◆ Exercise description
Output exactly the lines of the listing below that run from the line with "GALL PHARMA Vitamin B1 1,4 mg GPH Kapseln" through the line with "How to build". No pictures.

◆ Task material
══════════

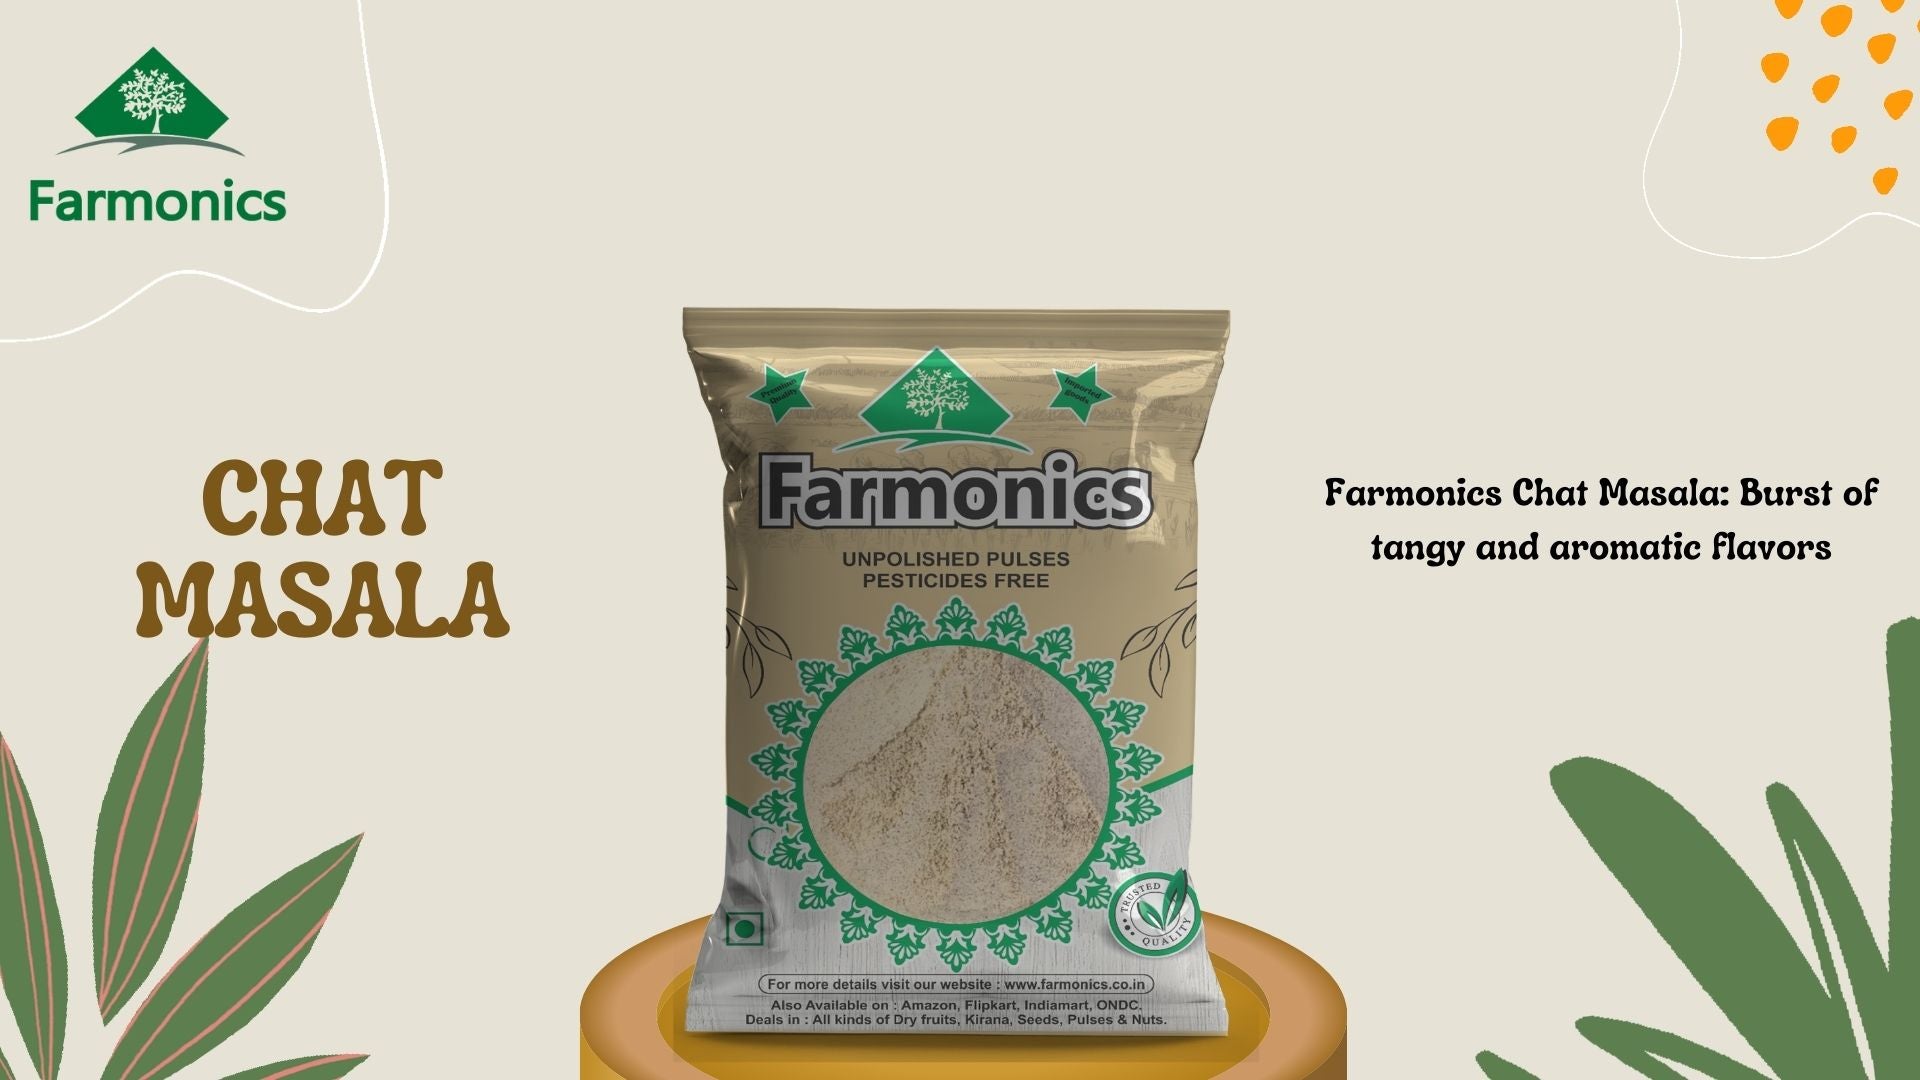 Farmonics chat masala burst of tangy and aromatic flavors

══════════

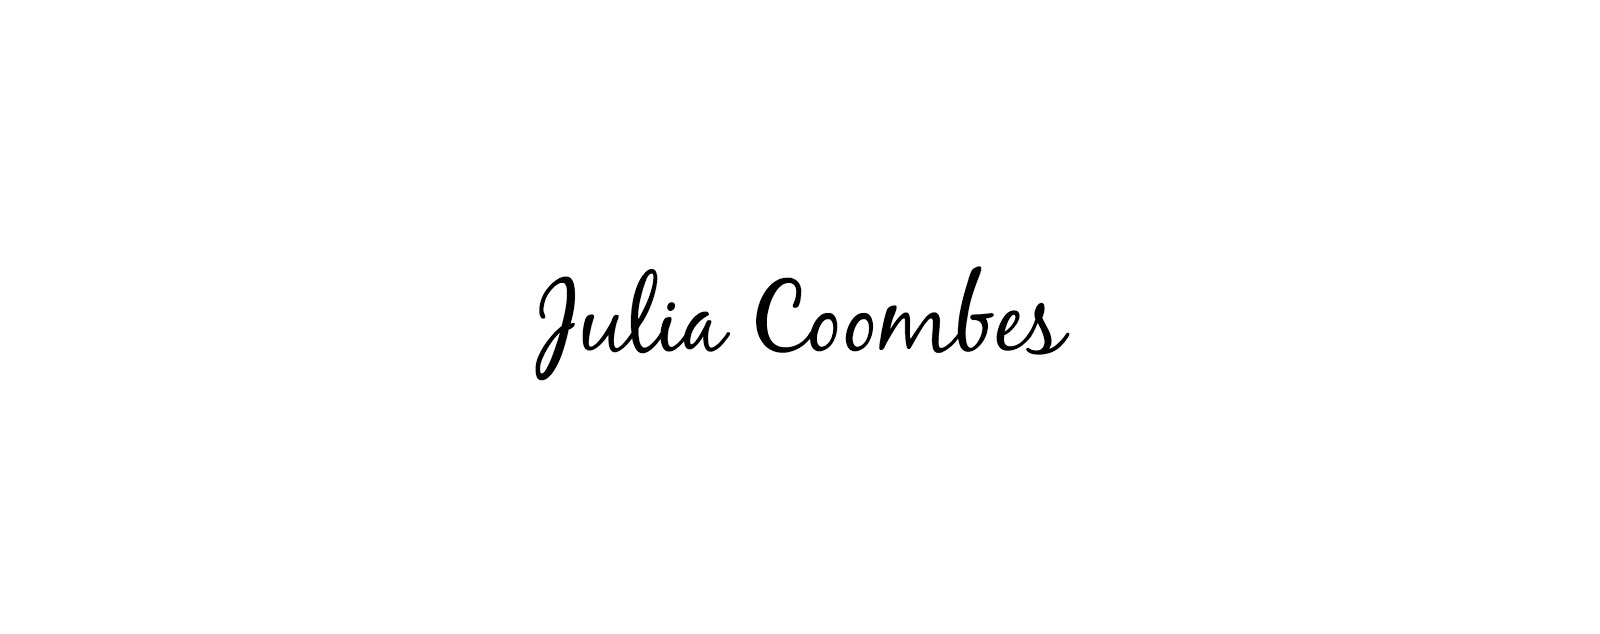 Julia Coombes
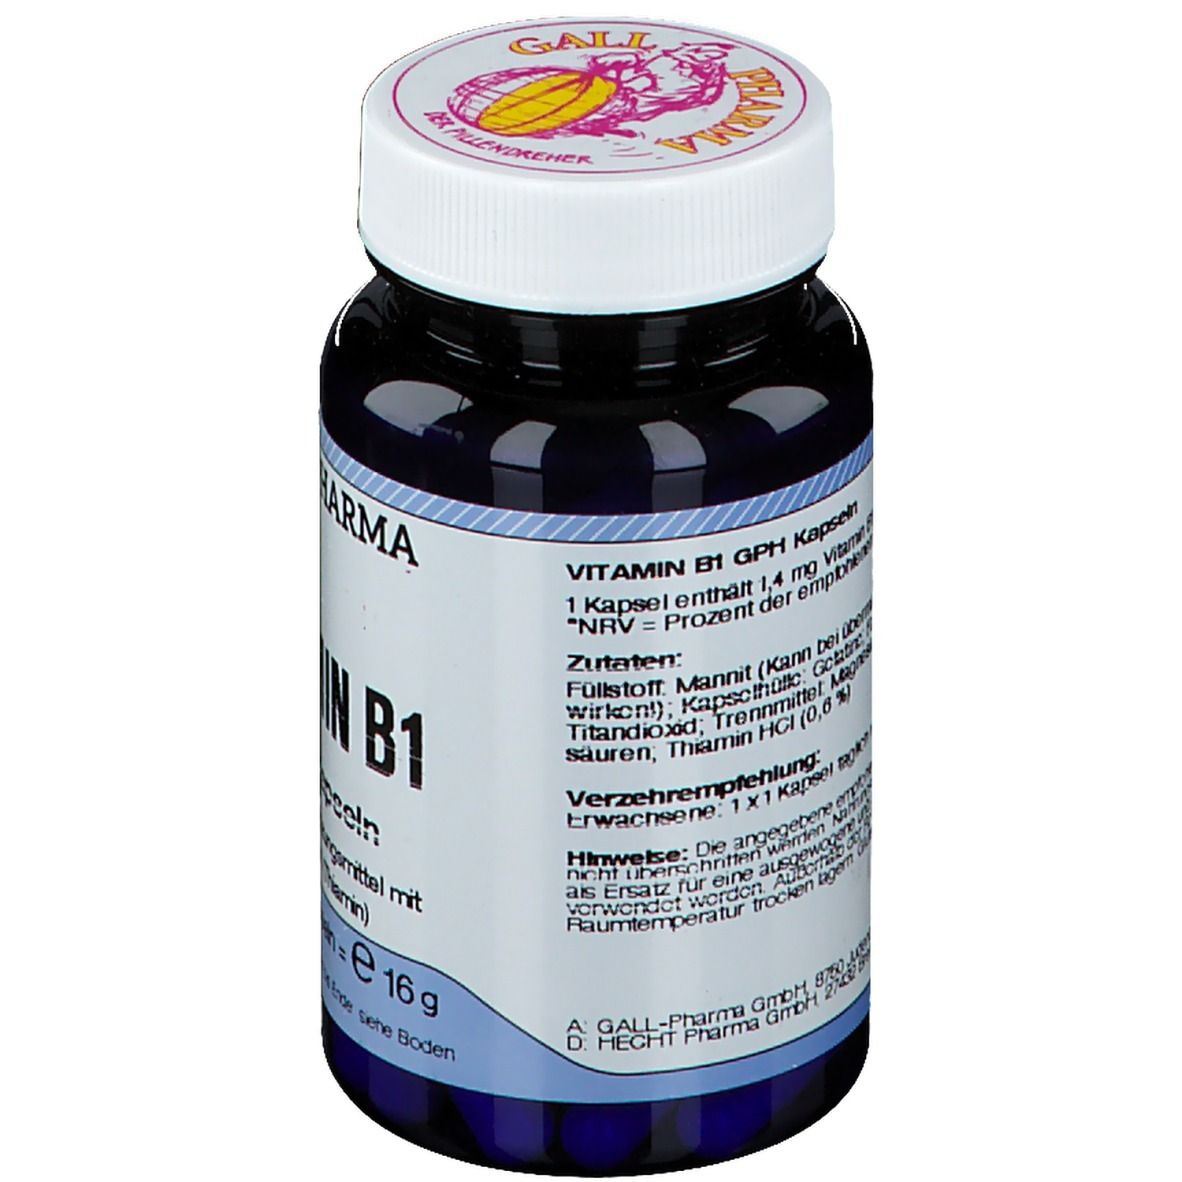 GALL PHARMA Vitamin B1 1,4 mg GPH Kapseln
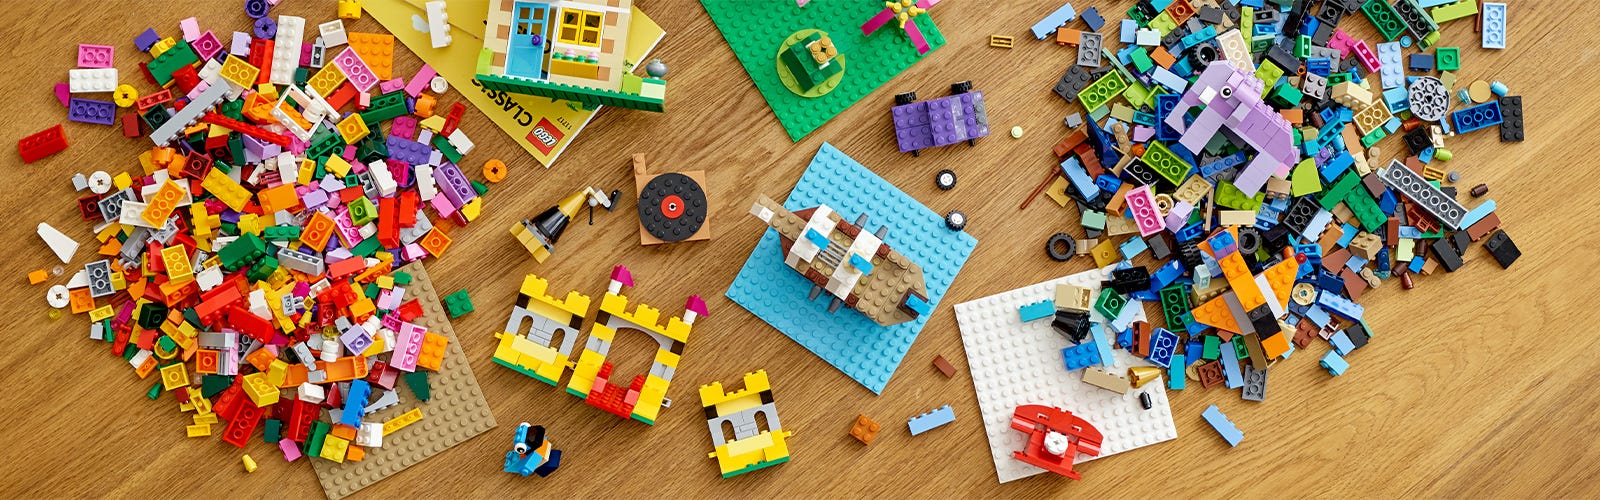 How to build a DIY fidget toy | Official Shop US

══════════

◆ Written answer
 GALL PHARMA Vitamin B1 1,4 mg GPH Kapseln
 How to build a DIY fidget toy | Official Shop US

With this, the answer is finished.